Muchlike vampire stories have always held metaphors for sexual awakening; werewolves for the repression of animal urges such as anger and Frankenstein's monsters for man's hubris in playing God; so zombies have come to reflect the evils of mankind.
It would be easy to say that zombie fiction, film and television is just simply an example of voyeuristic gore horror. But beginning arguably with Romero's classic Dawn of the Dead showing man's needless obsession with materialism even in the wake of a zombie apocalypse; to The Walking Dead's constant character struggles with their own humanity; to Arnold Shwarzenegger's recent foray into the genre with family drama Maggie; zombie fiction has quickly become a staple for Millennial media to comment upon society.
James Plumb's own experiments with the horror subgenre are well known, having written and directed the independent UK film Night Of The Living Dead Resurrection. But for his debut novella Little Monster, we see him cast off the restrictions of budgeted independent film for the boundless special effects of the human imagination.
This short story begins in the format most likely more familiar to Plumb, that of a script-like monologue. The prologue is written in the present tense as we are introduced to our protagonist, Gareth, and thrust somewhat cinematically into the drudgery of his everyday life; including his domestic struggles and difficulties weighing up family life and work.
The argument that we witness between him and his wife is obviously skewed in favour of Gareth due to it being first person, despite his own self deprecating comments at his own behaviour, so his wife is instantly set up as a character of contention. His daughter, when introduced, acts as a bond between them, literally holding them together in a group hug. Thus, in only a small prologue, we are set up for the whole theme of the story about to play out before us.
Title: Little Monster
Author: James Plumb
Publisher: Infected Books (1 Jun 2016)
As this is a short story, I will not go into major details of the plot so as not to spoil it. Needless to say it is a very human and family based approach to the 'zombie' genre and I use the quotation marks loosely as the word 'zombie' is never actually mentioned. Instead we are dealing with an un-known disease which causes the need for human flesh. The character struggles of Gareth and his wife, Jen, are very typical studies of how far a human being is willing to go for their loved one and ultimately it comes down to the question 'What wouldn't you do' for your family?
The intimate family setting of this drama reminds me very much of Plumb's Night Of The Living Dead Resurrection, which, while suffering from the typical burdens of a low indie film budget, still managed to deliver a solid plot dealing with the choices a family would have to make in the case of a zombie outbreak. Such a story would have proved a lot more haunting if it had been told in prose like Little Monster. It is in fact, not difficult to imagine this film almost acting as a prequel for the events that take place in that movie.
The setting of South Wales for the story is another solid thematic choice for the Cardiff based writer. It would have been easy for Plumb to have chosen a more exotic location for his story to take place, but the use of his home town helps ground it in the writer's own reality. Not only does this tie it in well with his other projects (the mention of a white van passing the family as they literally 'kerb crawl' the streets of Cardiff at night for victims is a nice touch), but it also makes it a personal project for him, which shows through the 3-dimensionality of Gareth and the struggles he faces.
Personally it would have been nice to get to know Jen a little bit more as well as Ana.
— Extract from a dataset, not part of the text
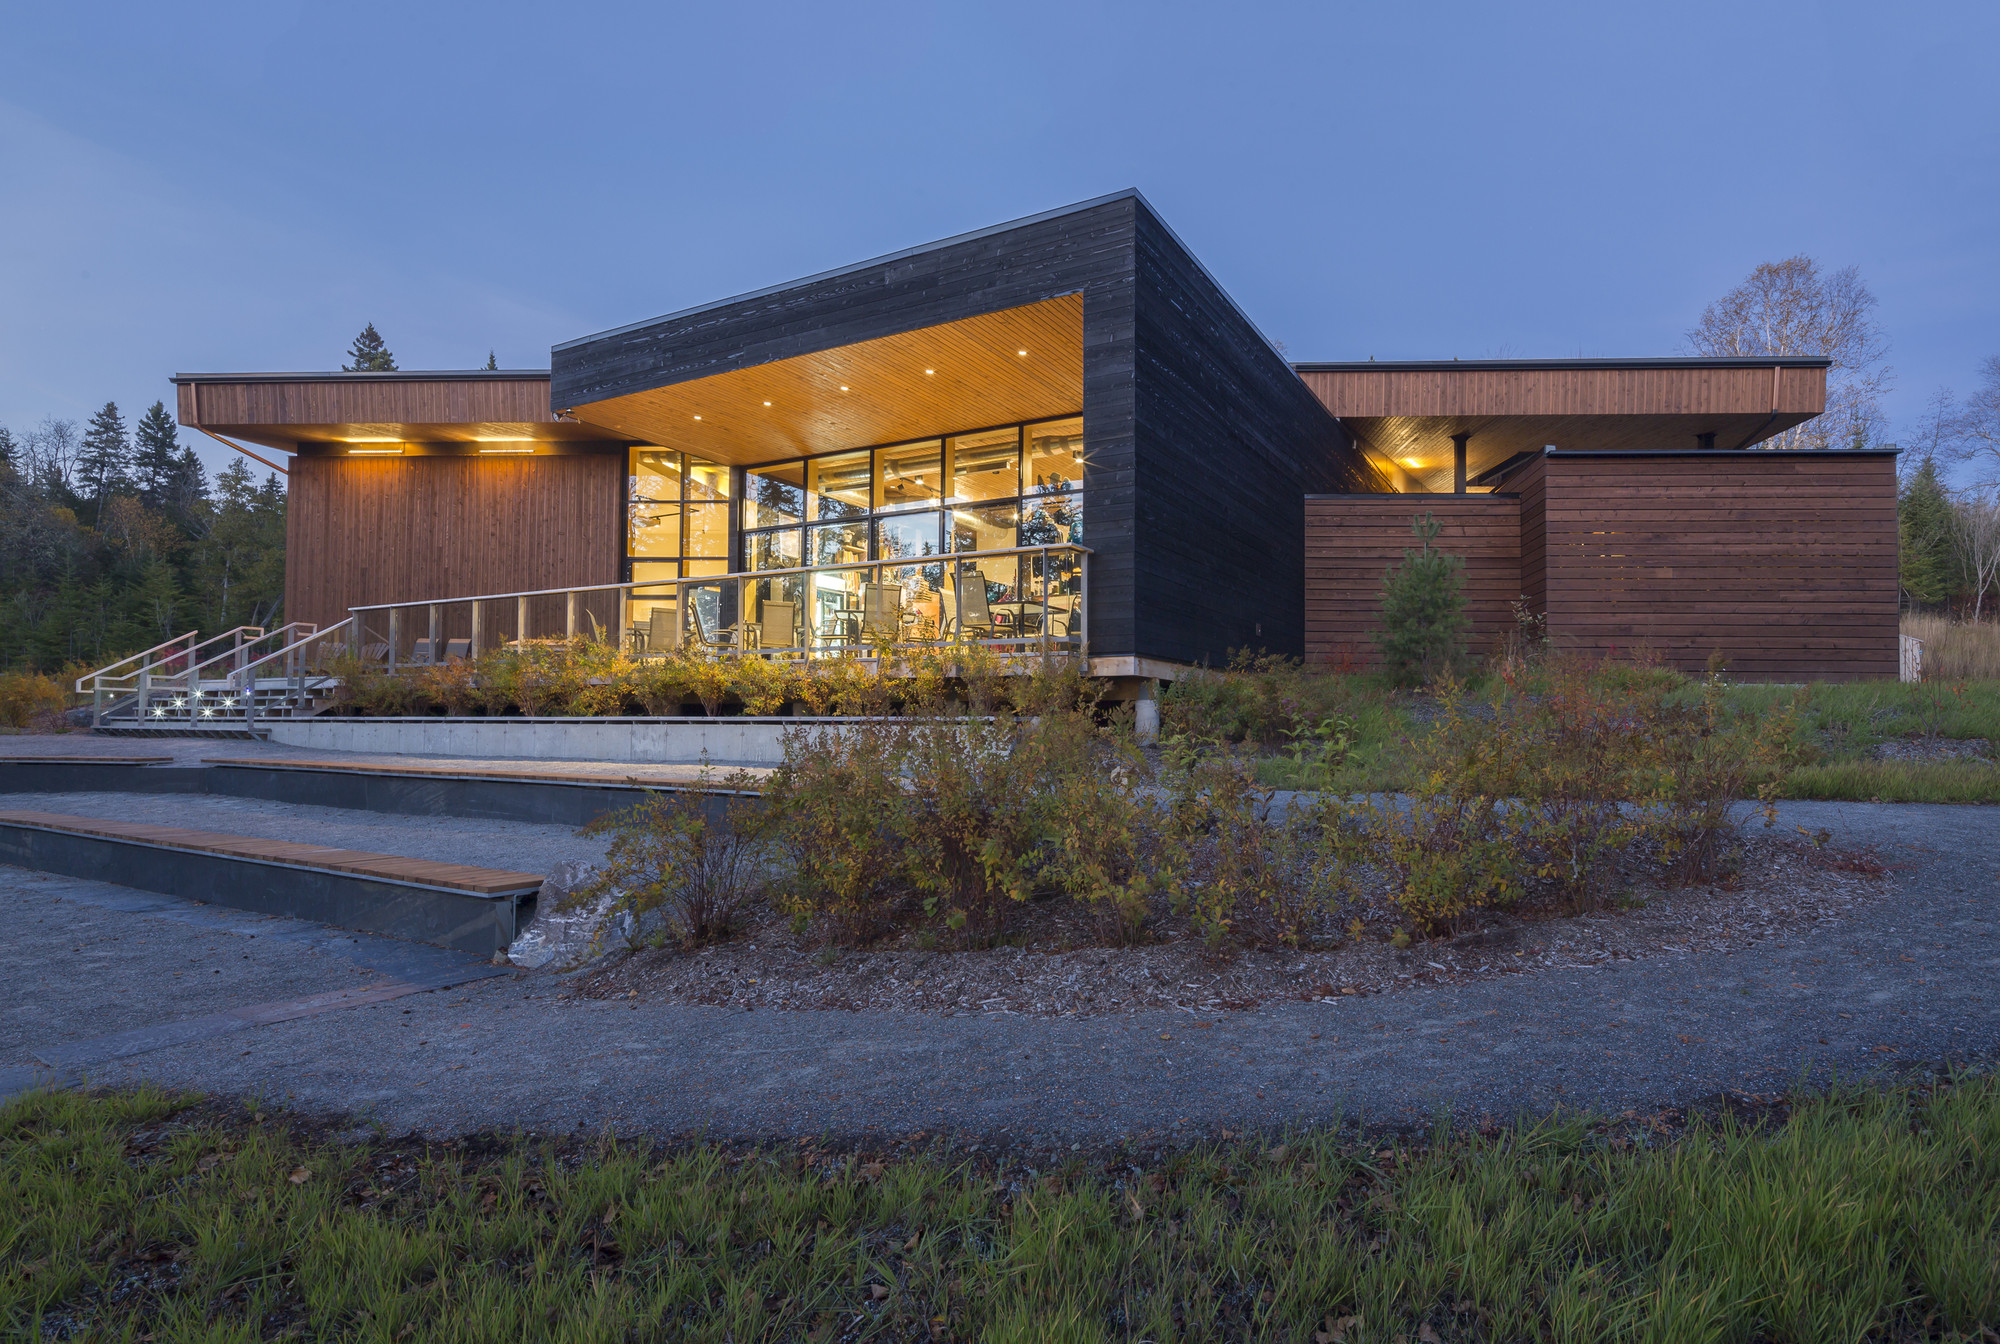 Parc national du Lac-Témiscouata Discovery & Visitor Centre  / bisson, charron architectes , © Stéphane Groleau

On one hand it is nice to see Jen acting as the 'sensible' person in the relationship at first who, despite being a mother, is not blinded by her parental feelings. It would have been very easy to paint her as a one dimensional 'matriarch' or 'lioness' character willing to do anything for her family, but instead we are introduced to a woman who sees her daughter for what she is; while Gareth acts as an over-protective father blinded by his devotion and the realisation that he would literally do anything for his child.
Overall this is a well written novella with a nice pace. I easily devoured it in one sitting and not simply because of the length of the story but also the engagement of the characters. With the media being saturated by zombie films and television over the last few years, the 'infection spread by bite' or 'thirst for human blood' trope is easily lumped into the same theme, but it is nice to see Plumb using it to delve into something so personal and intimate as a simple family relationship and a young couple struggling to re-discover who they truly are in the wake of having a child.
With the length of this piece as well as the insular nature of the family setting, Plumb has played it safe with this piece. But he has done so in a way that has shown off his storytelling and character building strengths with a great room to grow as a writer.